Please for the love of God do not do a DIY will or a will writer will. Go to a solicitor and get it done properly. You also have full indemnity insurance if it goes belly up. You never need a Will till someone dies and all hell breaks loose, like when the survivor gets kicked out the house, owns the house with the nearly brother in law from hell or finds they cant make a mortgage payment because the cash from the life insurance has went elsewhere

Supermum29 · 08/02/2021 17:31

Wills are not just about money and possessions but also about what you wish to happen to your children should the worst happen to one or both of you.
Please for the sake of your children get a will, don’t shrug it off because it’s “expensive” and you don’t have a lot of money in the bank right now. It’s about more than that.

exaltedwombat · 08/02/2021 17:35

If you want the advantages and commitments of marriage, get married. You don't have to splurge. Otherwise at least make out 'everything to him/her' wills.

Leedsfan247 · 08/02/2021 17:36

You absolutely have to have a will - do it now. My sister died suddenly aged 45 without a will and it was a total nightmare. No one needs to go through that extra hassle following a bereavement it’s not expensive please please sort it out.

Rtruth · 08/02/2021 17:38

Bloody hell, sounds like you are planning to top him.

Money goes to whoever is in will, if no will, married or not it goes to intestate.

Bamski · 08/02/2021 17:41

Dementedmummy agree with DIY will but using a will writer who has PL & PI insurance is no different and they often do far more CPD so are up to date with changes in the law.

Interestingly, Prof Stephen Mason has said that he specifically used a will writer over a generic solicitor.

Consumers should definitely research the company they choose and ensure they are comfortable with who they instruct.

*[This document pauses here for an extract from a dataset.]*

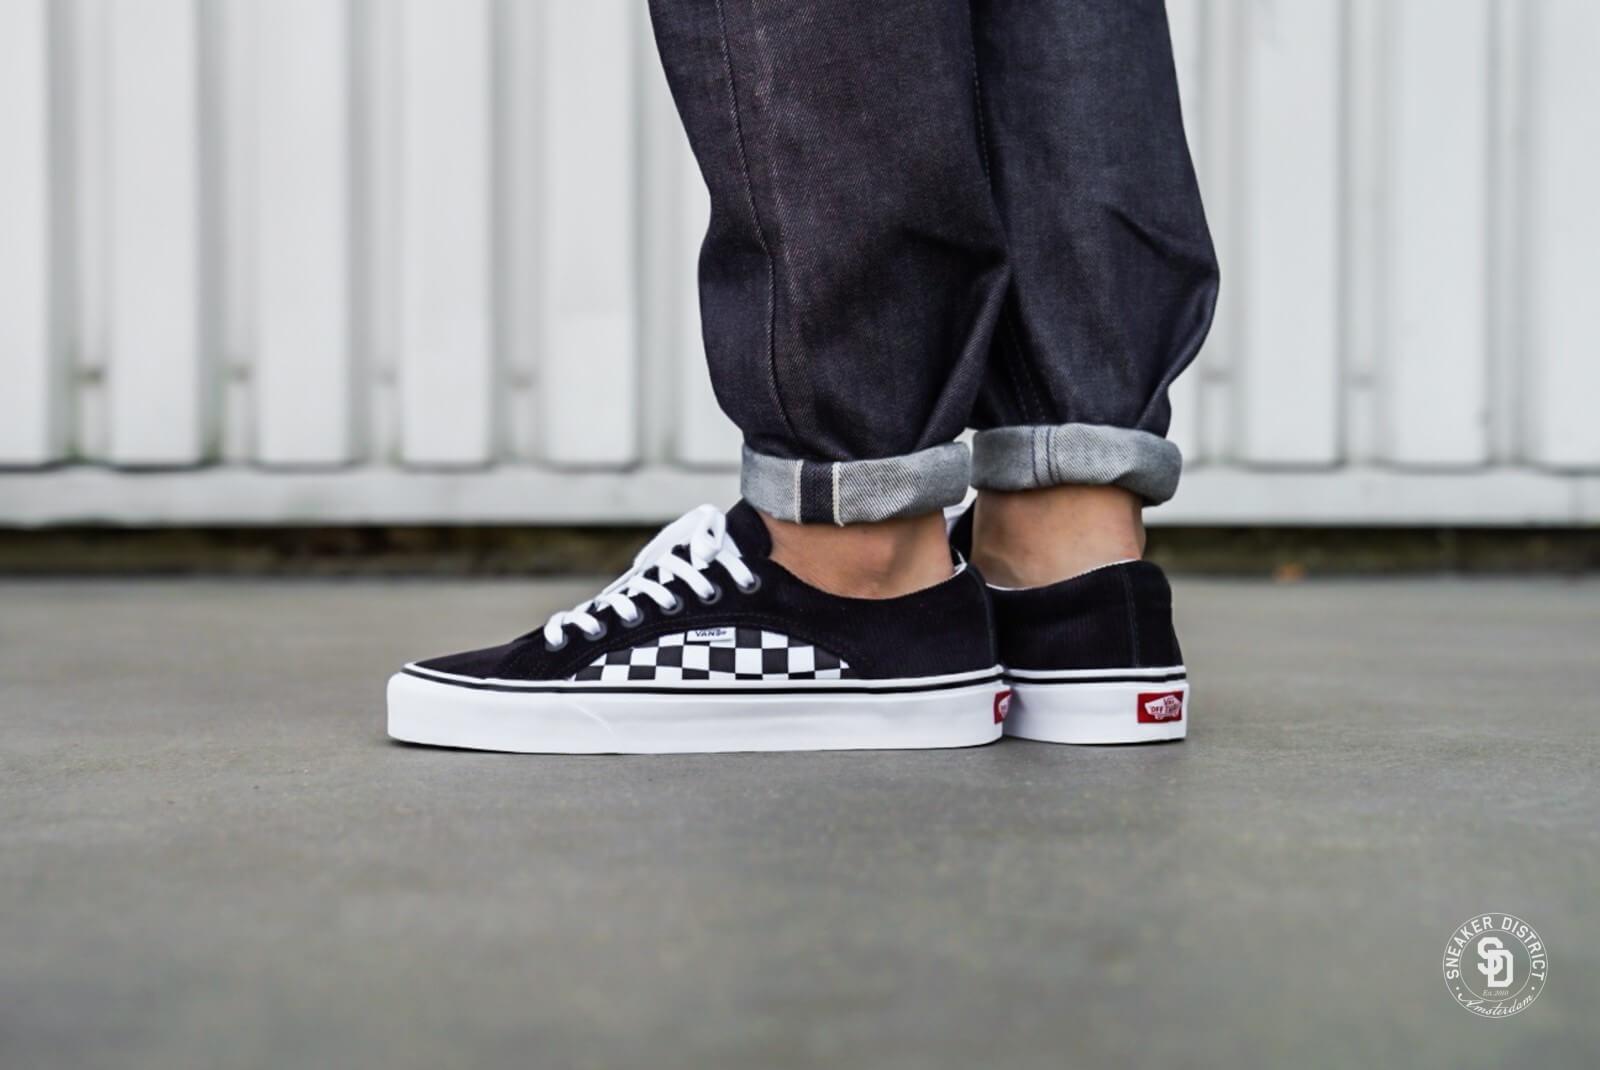 Vans Lampin Checkerboard/Corduroy Black
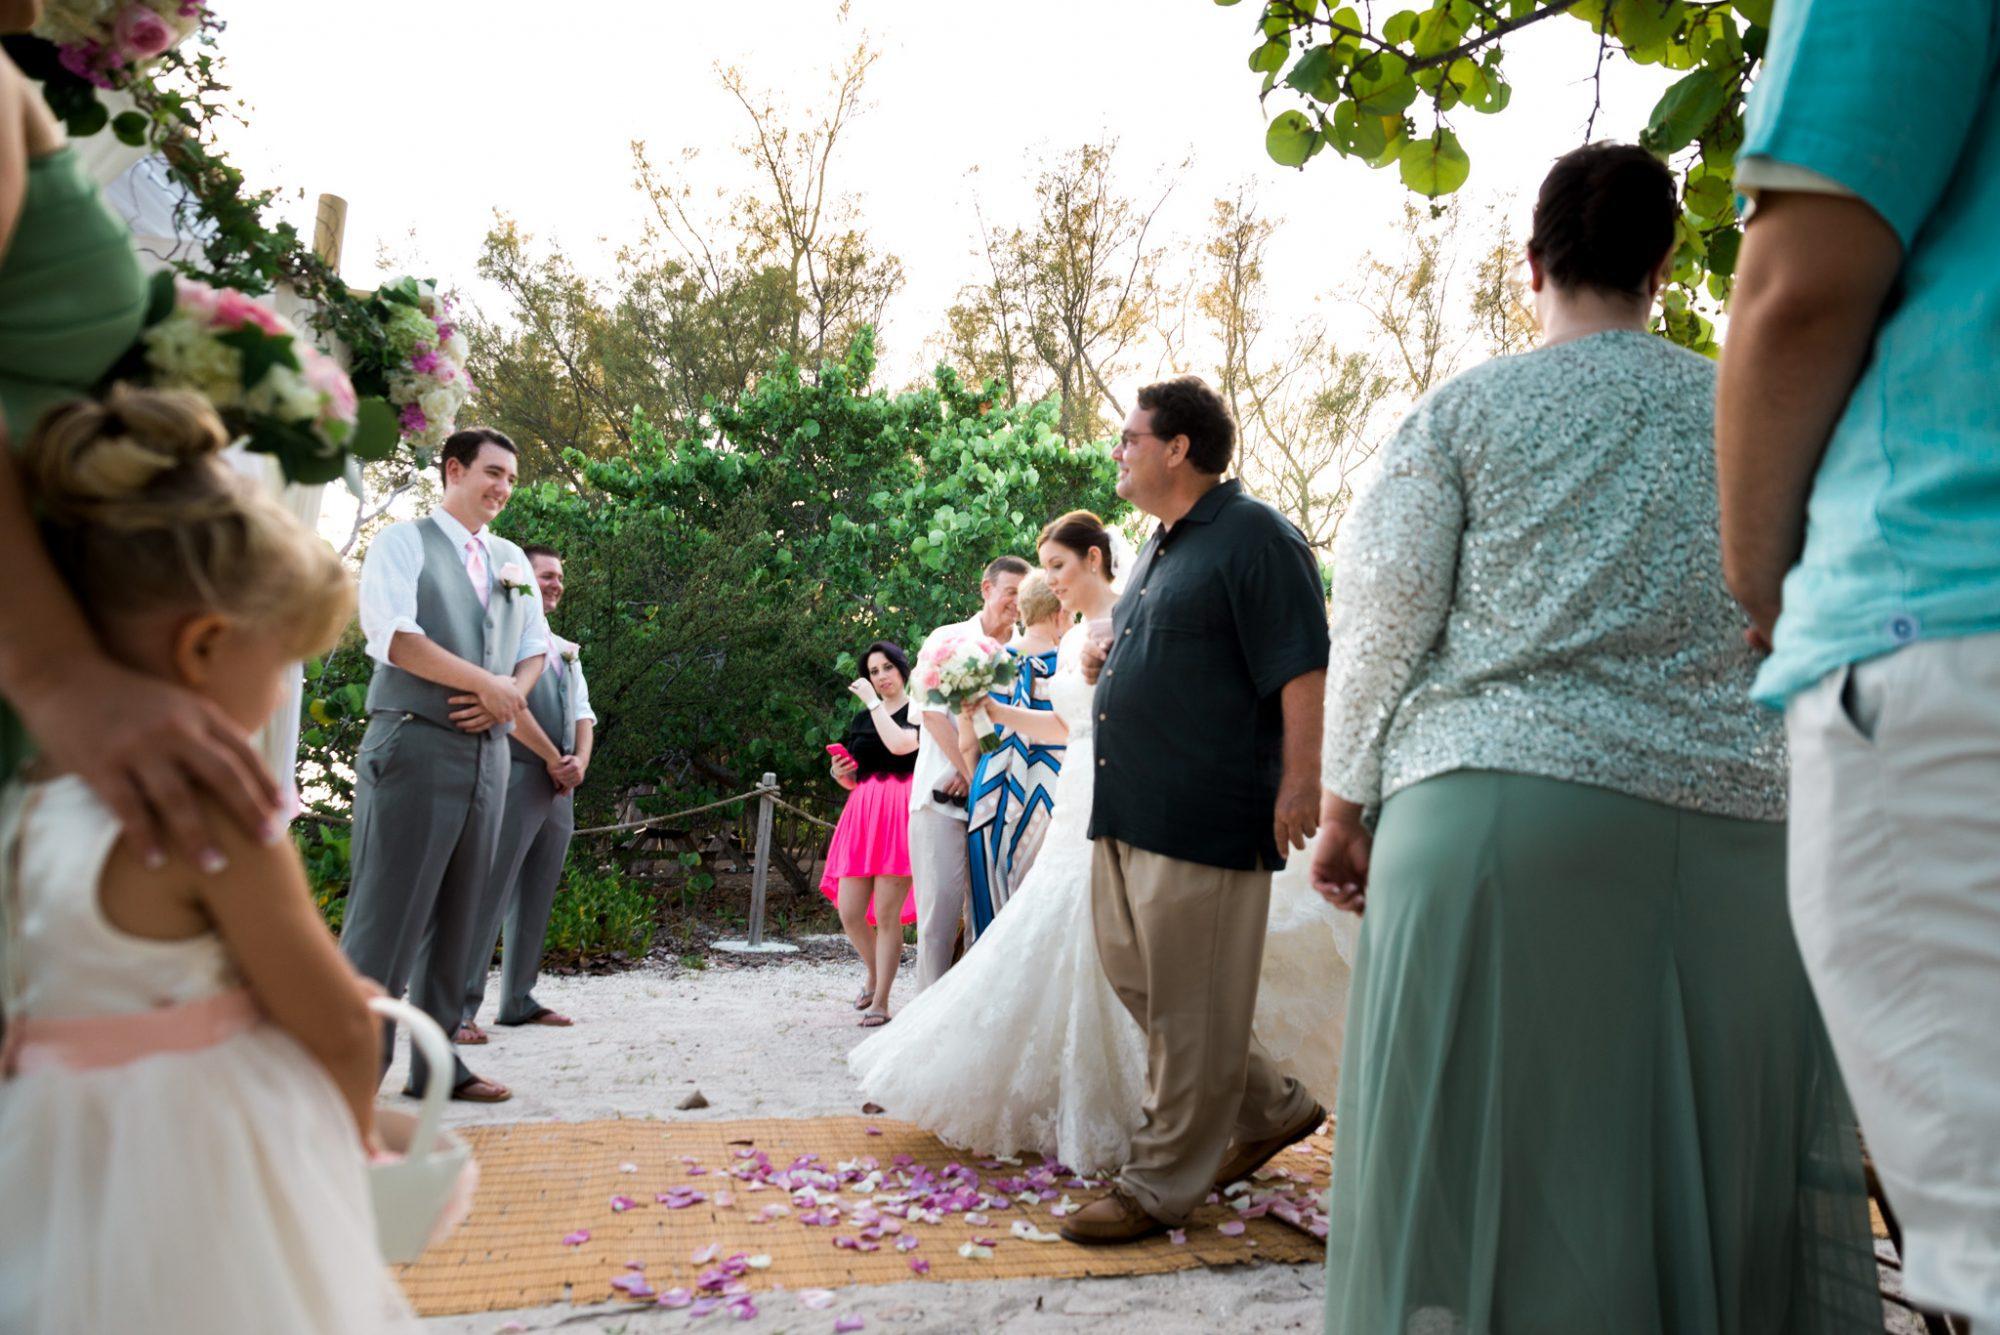 Heather Jeff Key West Wedding Photographer Fort Zachary Taylor 19 - Heather & Jeff - Key West Wedding Photographer - Fort Zachary Taylor

twinmum2007 · 08/02/2021 17:41

OP by far the easiest thing is to get wills done, much easier than getting married. The money thing is one thing - if one of you dies intestate then your children inherit everything, the surviving partner gets nothing. If you have life insurance or pensions you can name each other as beneficiaries on that and that would not count as estate money. But you do need the wills in case, God forbid, you are both in a car crash or something - the law needs to know who would look after your children. You can't just assume your family will step up. Or that the person you would like to leave them with will be willing. You don't even need a solicitor to do it. There are online companies that will do it. But for heaven's sake make sure you know where the copies are kept.

Yespresh · 08/02/2021 17:42

The money in his account is the least of your worries. You are not his next of kin If anything happened to him. Look up re inheritance tax. It’s a legal minefield. No such thing as a ‘common law wife’.

Fabulousdahlink · 08/02/2021 17:42

Will kits £10 in WHSmiths. £20 and an afternoon of filling them in, copy them on your printer and send a copy to the people you want to look after them in the event ( your 'executors'. Grow up, get this sorted.